VILNIUS, Lithuania — The second round of Lithuania's parliamentary election opened Sunday, with the results likely to determine whether the small East European nation continues tough austerity measures in an effort to join the euro zone.

Two center-left opposition parties — the Labor Party and the Social Democrats — finished first and second respectively in the first round and have pledged to form a new coalition government together with another opposition party, promising to end the current government’s budget cuts and increase social spending.

The Social Democrats have said that Lithuania should postpone introducing the euro until the European Union can sort out its three-year economic and financial crisis.

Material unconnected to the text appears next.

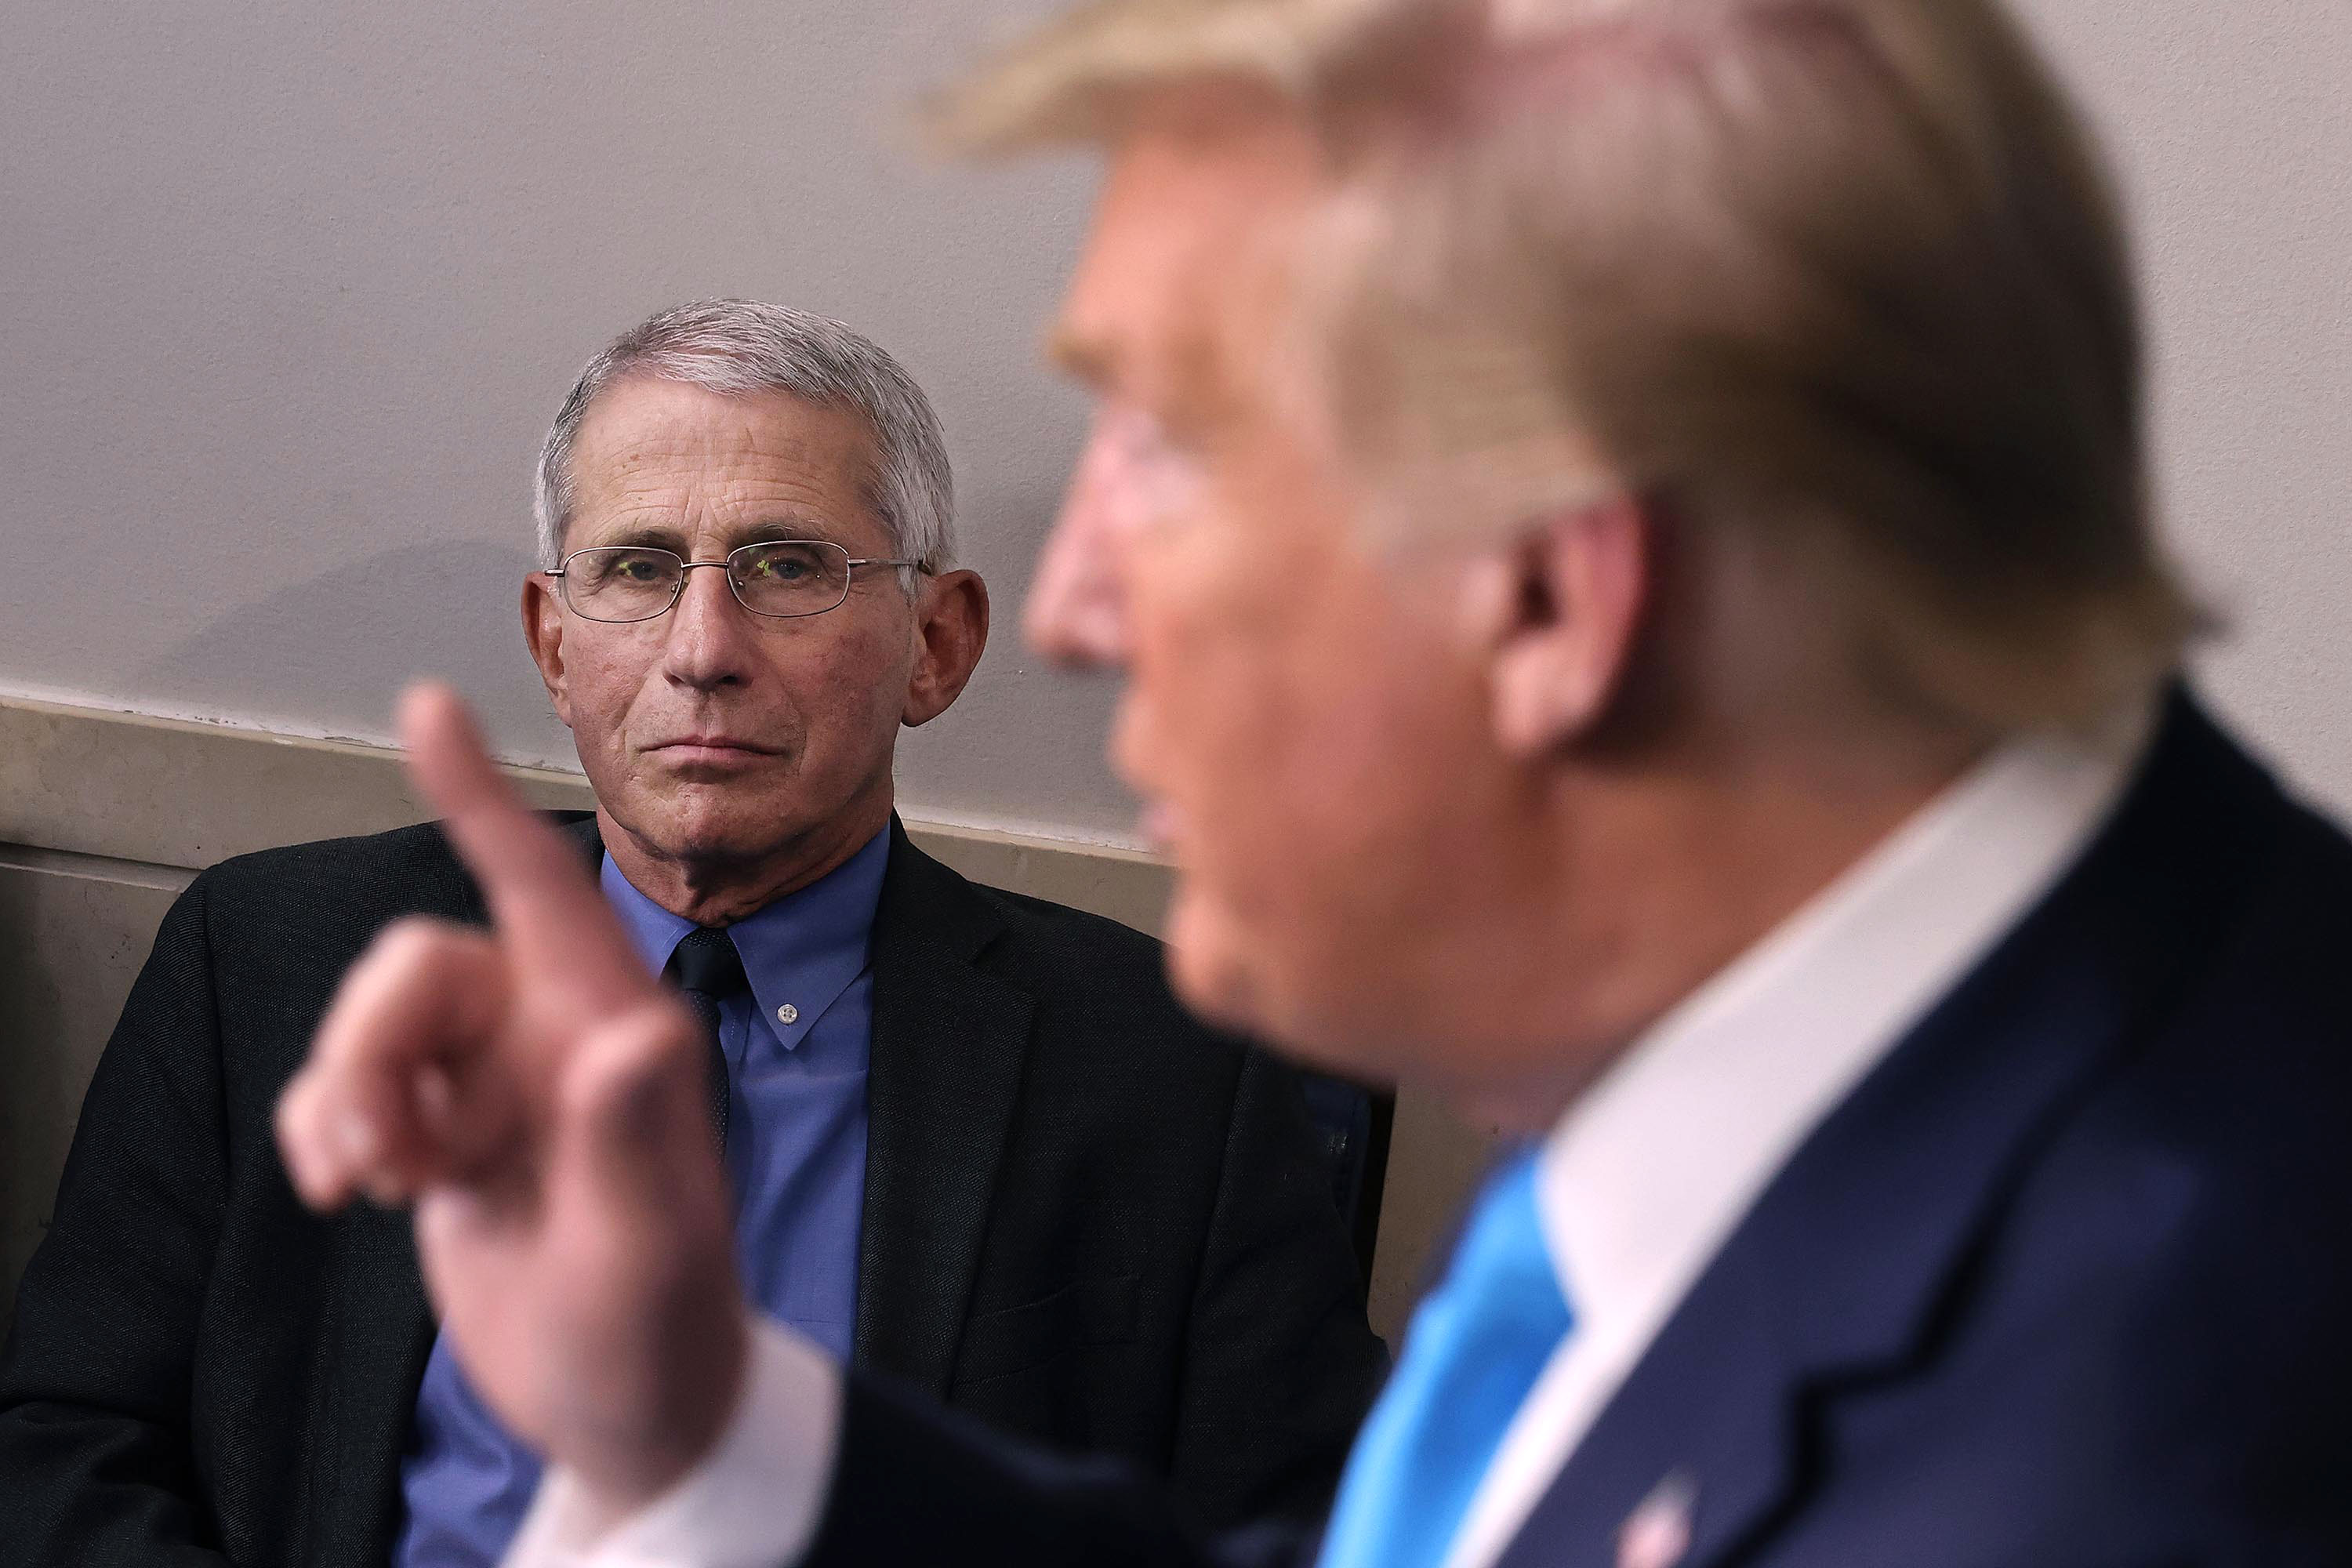 Anthony Fauci, director of the National Institute of Allergy and Infectious Diseases, listens to President Donald Trump speak during a coronavirus task briefing on April 7 in Washington, DC.

However, the current center-right government, led by the Homeland Union-Christian Democrats, could pull off an upset.

Prime Minister Andrius Kubilius’ government, which took over in December 2008 at the start of the financial crisis, is the first to last an entire four-year term since Lithuania regained independence from the Soviet Union in 1991.

The government has won praise for averting bankruptcy and returning the economy to growth. Kubilius has vowed to introduce the euro in 2014, though the economy may fail to meet criteria on inflation and deficit spending.

Plans for a nuclear power plant are another highly contested issue in the country of 3 million people. The government wants to build a new facility to replace a Soviet-era nuclear plant closed in 2009, but the opposition has argued that the project is too expensive and uses technology deemed unsafe.

Nearly half of Parliament’s 141 seats are at stake in the voting, taking place two weeks after the first round failed to produce a clear favorite.